By Janet Zand, n.d., l.ac.,

Q: What is the most effective natural way to control childhood asthma?

A: Sometimes asthma is triggered by substances the child is allergic to, so one of the most important things you can do is figure out what they are and keep your child’s environment as free of them as possible. Common triggers include pollen, animal dander, dust, feathers, mites, and household chemicals. (For tips on allergy-proofing your home, see the next question.)

Foods can also bring on attacks. Citrus and whole wheat can be a problem, especially when combined with food dyes and sulfite additives. It’s not uncommon for kids with allergies and asthma to have a tendency to get dehydrated, so parents need to make sure they drink lots of fluids.

As far as keeping inflammation in check, essential fatty acids, which are found in evening primrose oil, borage oil, and fish oil, are very effective. You can get all these in supplement form; read the label to figure out the age-appropriate dosage for your child. (If there’s no specific dose information on the label, phone the manufacturer to get it.) With fish oils, make sure to choose a brand that’s certified as “molecularly distilled,” which is less likely to be contaminated with mercury.

Supplementing with magnesium, which dilates the bronchial tubes, can be helpful, too. The downside is that too much magnesium causes a loose stool, so you have to monitor the child carefully. Try giving 100 milligrams three or four times a week for three months. All these natural medicines work best if you rotate them. Try something for a month, see how it affects your child, then try something else.

You might also want to consider your child’s emotional state, since childhood asthma often comes along with emotional trauma. Homeopathic remedies can be helpful with this end of things, but I’d recommend a visit with a homeopath, who can tailor the remedy specifically to the child’s needs.

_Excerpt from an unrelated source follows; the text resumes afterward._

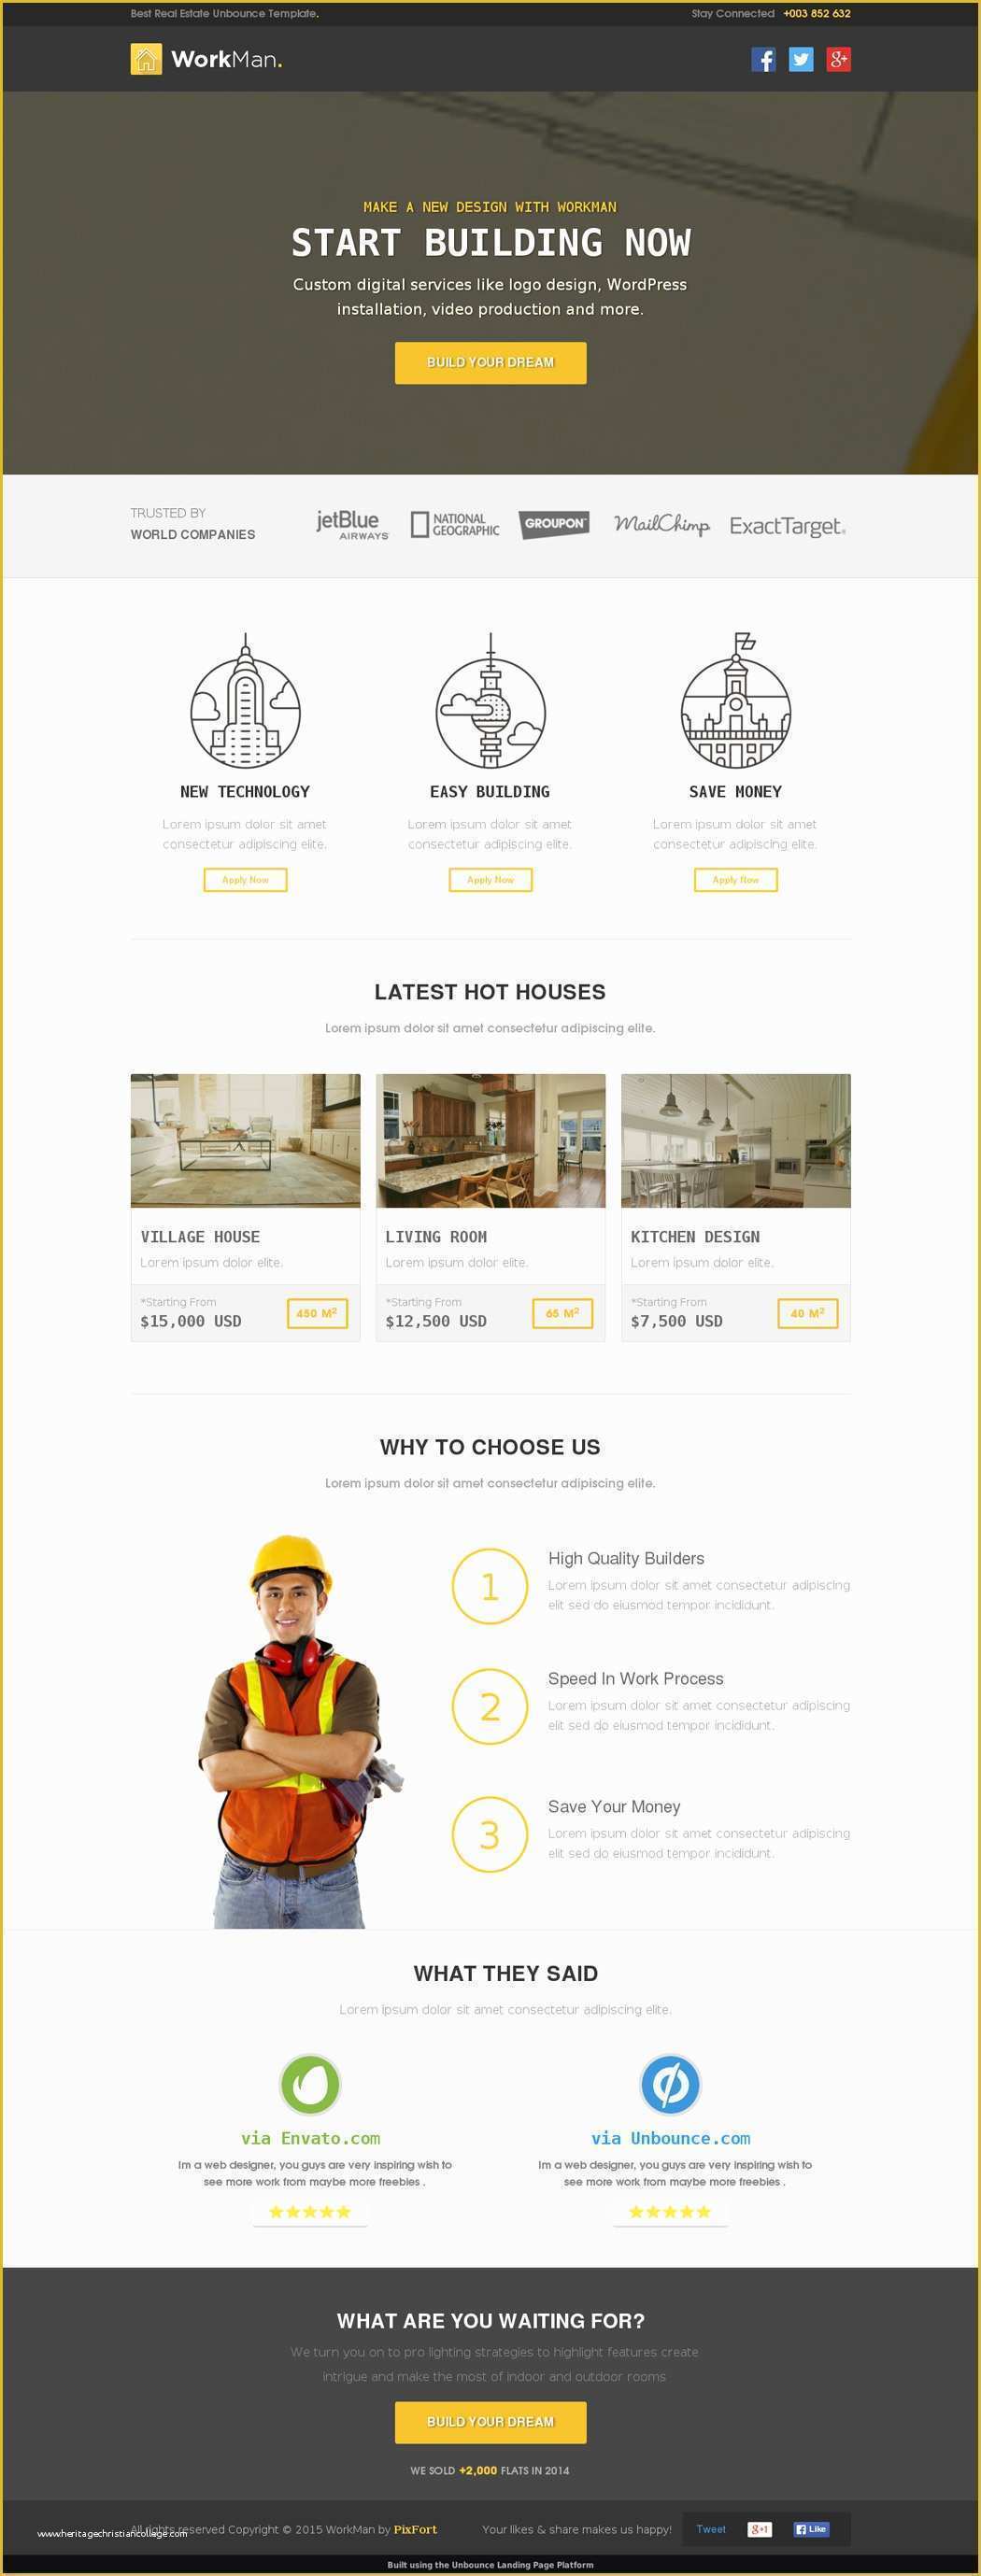 Real Estate Landing Page Template Free Of 5 Real Estate Landing Page Templates for Your Appraisal

Another option, which many kids don’t get nearly enough of these days, is regular exercise. Swimming is especially good for kids with allergies and asthma, since the moisture keeps their air passages from drying out, and in time their lungs get stronger. Outdoor pools are best, because the chlorine is better ventilated. (If a child is allergic to chlorine, of course, you’re better off giving swimming a pass.)